China/08 junio 2016/Fuente: América Economia

La misión del centro localizado en Beijing incluye la capacitación de talentos en tecnología de ingeniería y la promoción de los principios de equidad y justicia en la educación de la ingeniería.

Un centro internacional para la educación en ingeniería patrocinado por la Organización de las Naciones Unidas para la Educación, la Ciencia y la Cultura (Unesco) abrió sus puertas hoy lunes en la capital china.

La ceremonia inaugural se celebró después de la firma de un acuerdo al respecto por parte de la directora general de la Unesco, Irina Bokova, y el presidente de la Academia de Ingeniería de China (AICh), Zhou Ji.

El centro será una base educativa de alto nivel para ingenieros y tiene como objetivo aportar apoyo a los países en vías de desarrollo a través de una cooperación amplia, según la AICh.

La misión del centro incluye la capacitación de talentos en tecnología de ingeniería y la promoción de los principios de equidad y justicia en la educación de la ingeniería.

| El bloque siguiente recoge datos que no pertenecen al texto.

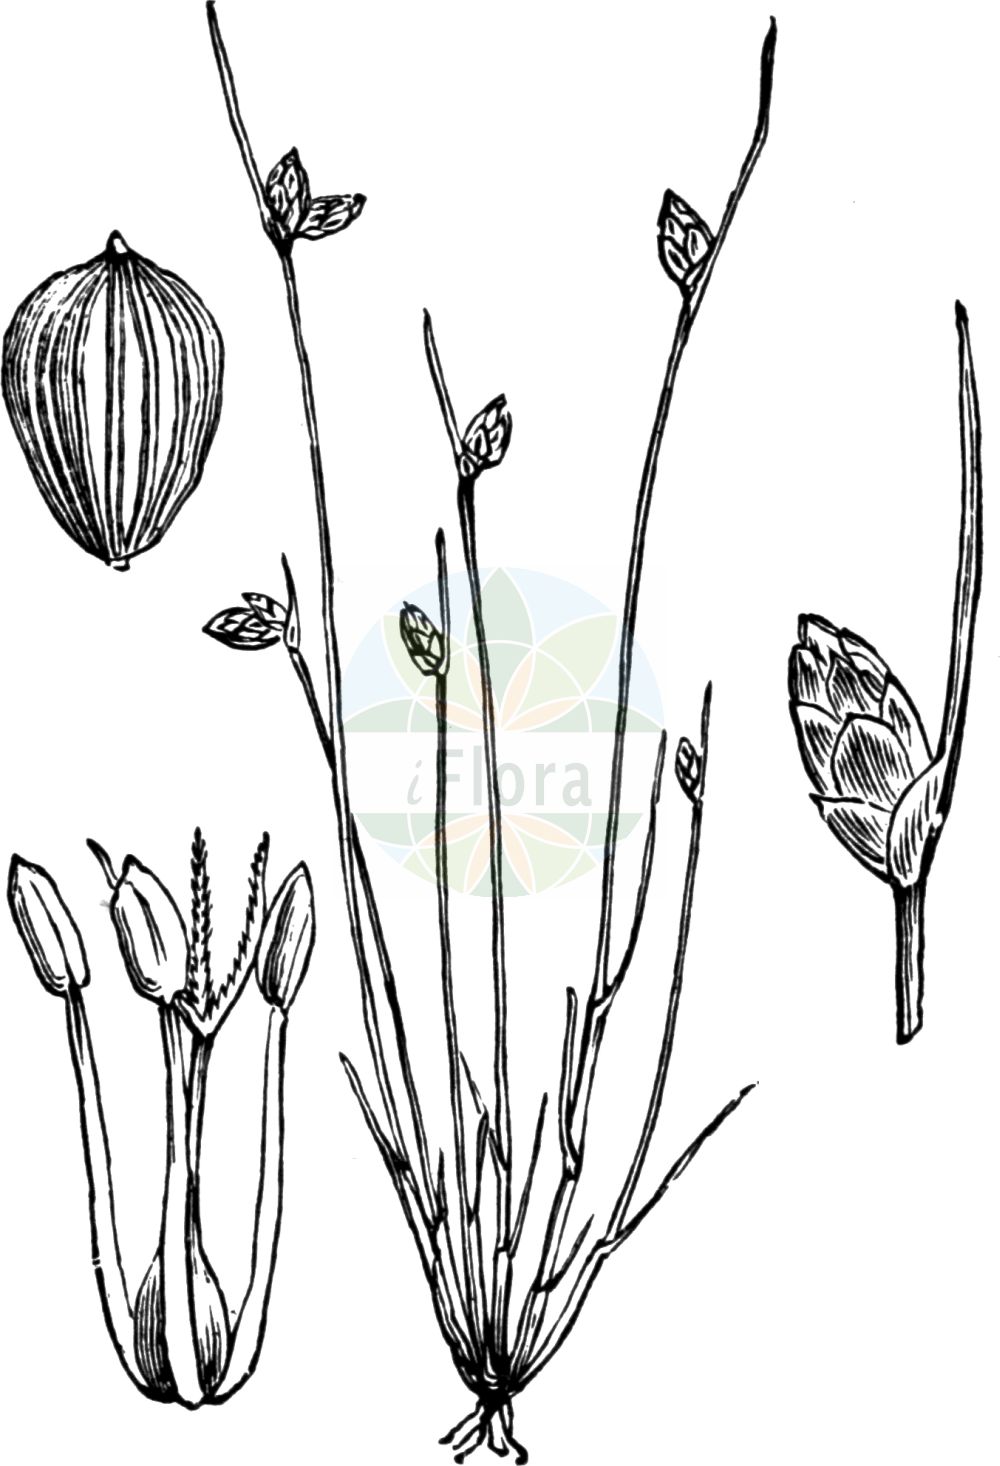 Historische Abbildung von Isolepis setacea (Borstige Moorbinse - Bristle Club-rush). Das Bild zeigt Blatt, Bluete, Frucht und Same. ---- Historical Drawing of Isolepis setacea (Borstige Moorbinse - Bristle Club-rush). The image is showing leaf, flower, fruit and seed.(Isolepis setacea,Borstige Moorbinse,Bristle Club-rush,Isolepis setacea,Scirpus setaceus,Borstige Moorbinse,Borsten-Moorbinse,Borstige Schuppensimse,Bristle Club-rush,Bristleleaf Bulrush,Isolepis,Moorbinse,Bulrush,Cyperaceae,Sauergräser,Sedge family,Blatt,Bluete,Frucht,Same,leaf,flower,fruit,seed,Fitch et al. (1880))

De acuerdo con la AICh, la secretaría del nuevo centro educativo se localiza en la prestigiosa Universidad Tsinghua en Beijing.

Qiu Yong, rector de la mencionada universidad, comentó que la educación de ingeniería se enfrenta a desafíos, como la matrícula de jóvenes y la formación de ingenieros capacitados en los países en vías de desarrollo.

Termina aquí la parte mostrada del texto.